Our 5 best tips for processing synth bass

Our 5 best tips for processing synth bass

#AudiotentTip 96. Our 5 Best Tips for Processing Synth Bass.

Getting your synth bass sounding just the way you want is only the first step. Next, you have to fit it in your mix. In some cases, it might just sound great without any processing. However, it's likely that you will need the extra 'shaping' to make it work.

Here is our 5 tried and tested techniques that work for processing synth bass.

1. Use a high pass filter to remove any unnecessary sub frequencies. This is helpful when you have a low/subby kick drum that clashes with your bass. Higher tempo (BPM) or busier pattern usually requires more cut to keep the low end sounding tight.

2. If your bass seems to get lost when playing with other elements, saturation might just be the perfect tool to fix this. It adds additional harmonics and makes your bass more present. In this example we used FabFilter's Saturn to saturate mid and high frequencies, whilst leaving the low end unaffected.

3. Adding a delay to your bass seems a 'no go' according to a lot of conventional mixing recourses. However, 2-5% of wet delay signal might be exactly what you need to glue it inside the mix. Not only that, this could add additional groove and space, making your synth bass come alive. We find it to work best in a less busy mix. Also, make sure to high pass the delayed signal, so the sub frequencies don't become smeared. Keep them under control!

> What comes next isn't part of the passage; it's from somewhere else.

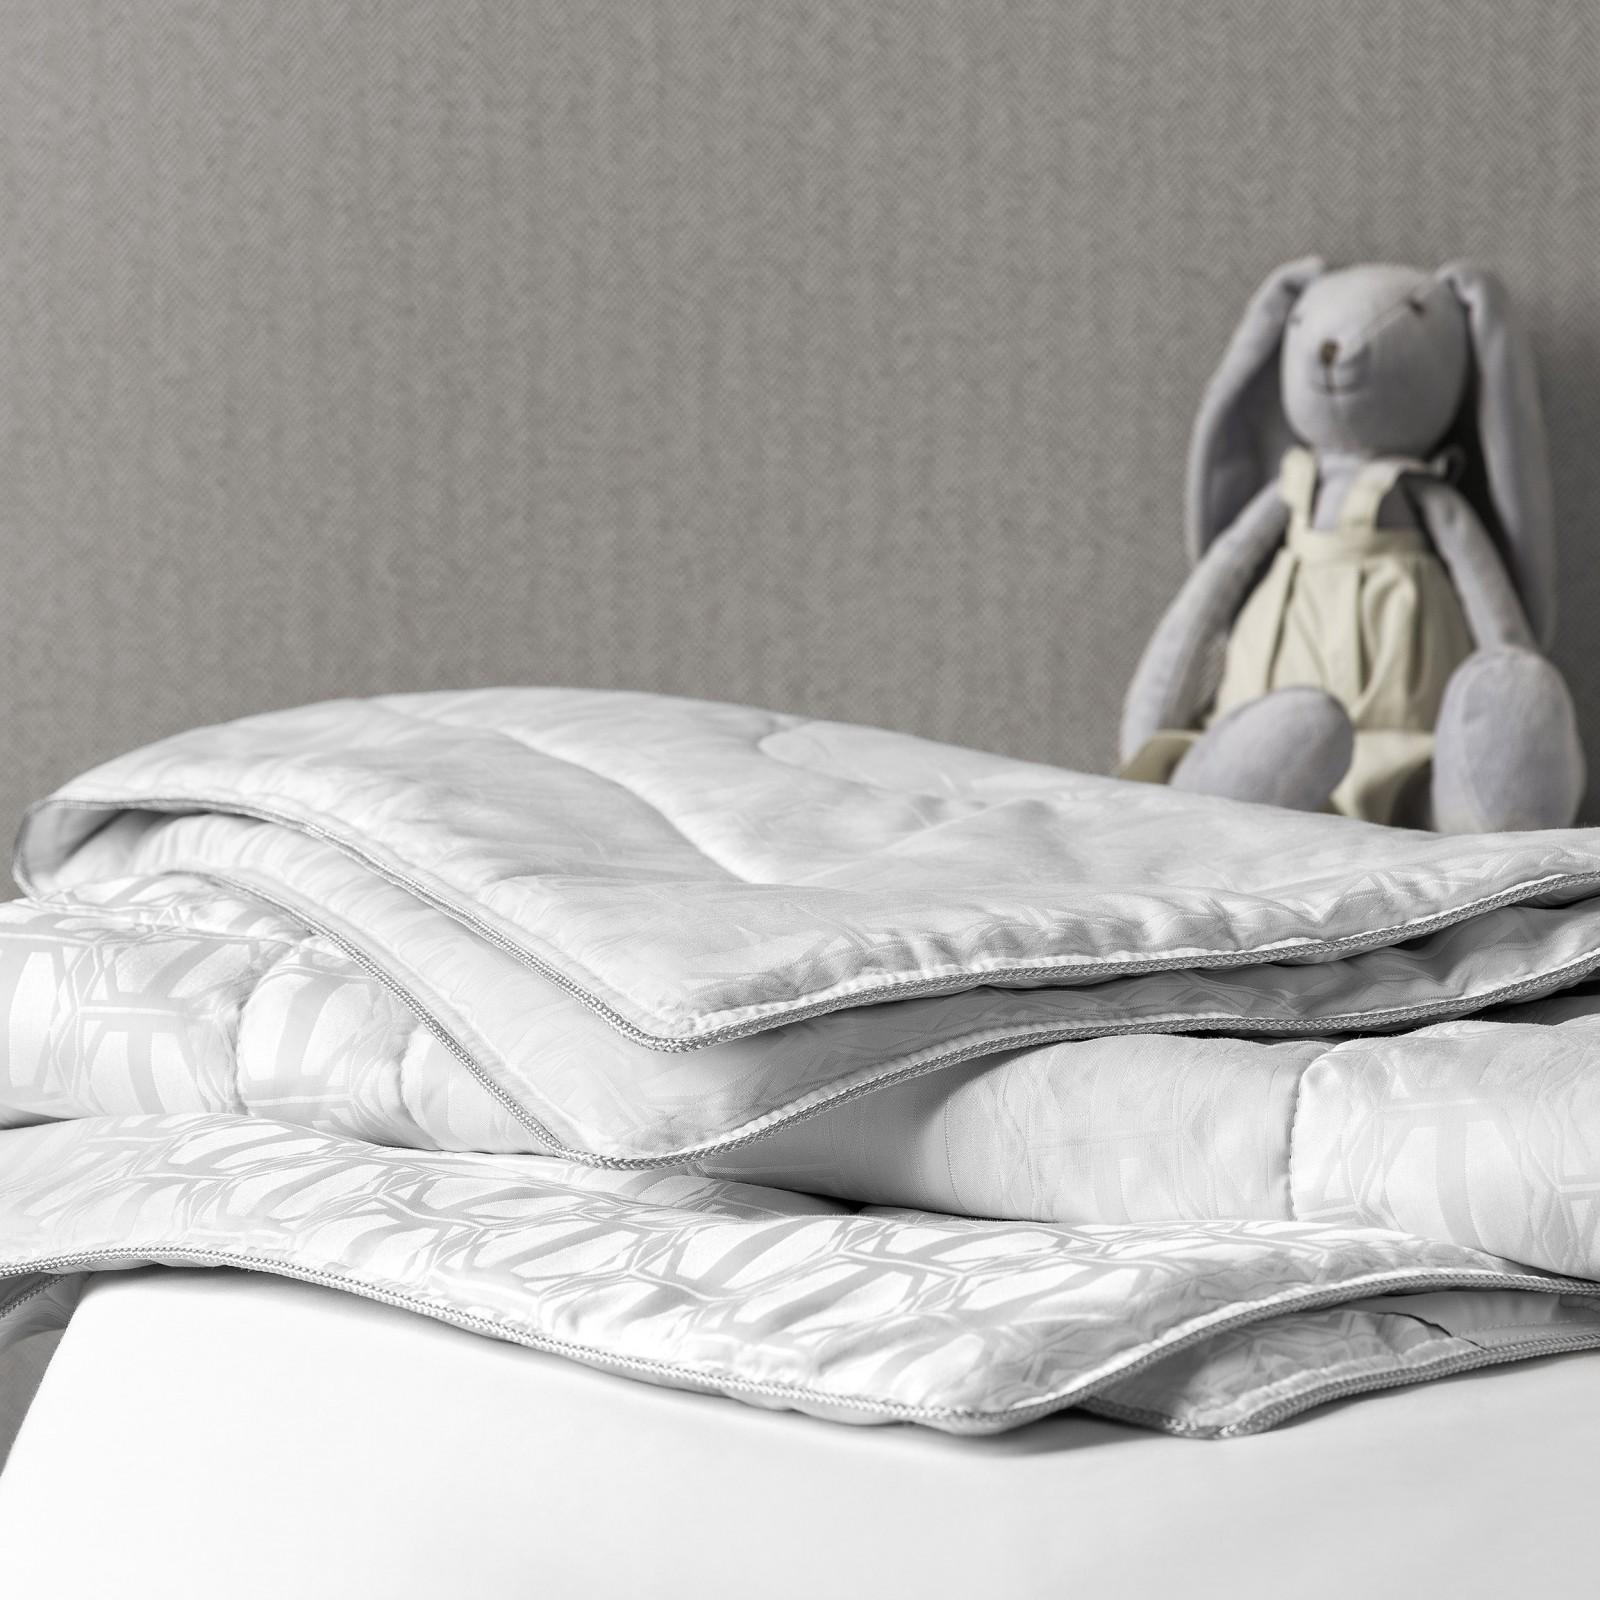 картинки стянутое одеяло фото типичный

4. Making your bass mono can be really useful. However it's not always necessary. Sometimes you might only need to make your lowest/sub frequencies in mono, but the midrange can stay wider. Nonetheless, if there are other elements occupying your stereo space, hit that mono button and make your bass centered.

5. Sidechained Bass (frequency specific). Most of you are probably aware of the side-chain technique that is used to duck the bass every time the trigger (usually kick) is played. A lot of times, there is no need to duck the entire signal, as it will reduce the impact of your bass transients. The solution is to use a frequency specific side-chain to target only the frequencies that clash. LFO Tool by Xfer Records allows you to do so by splitting the frequency and allowing to process one half of spectrum only.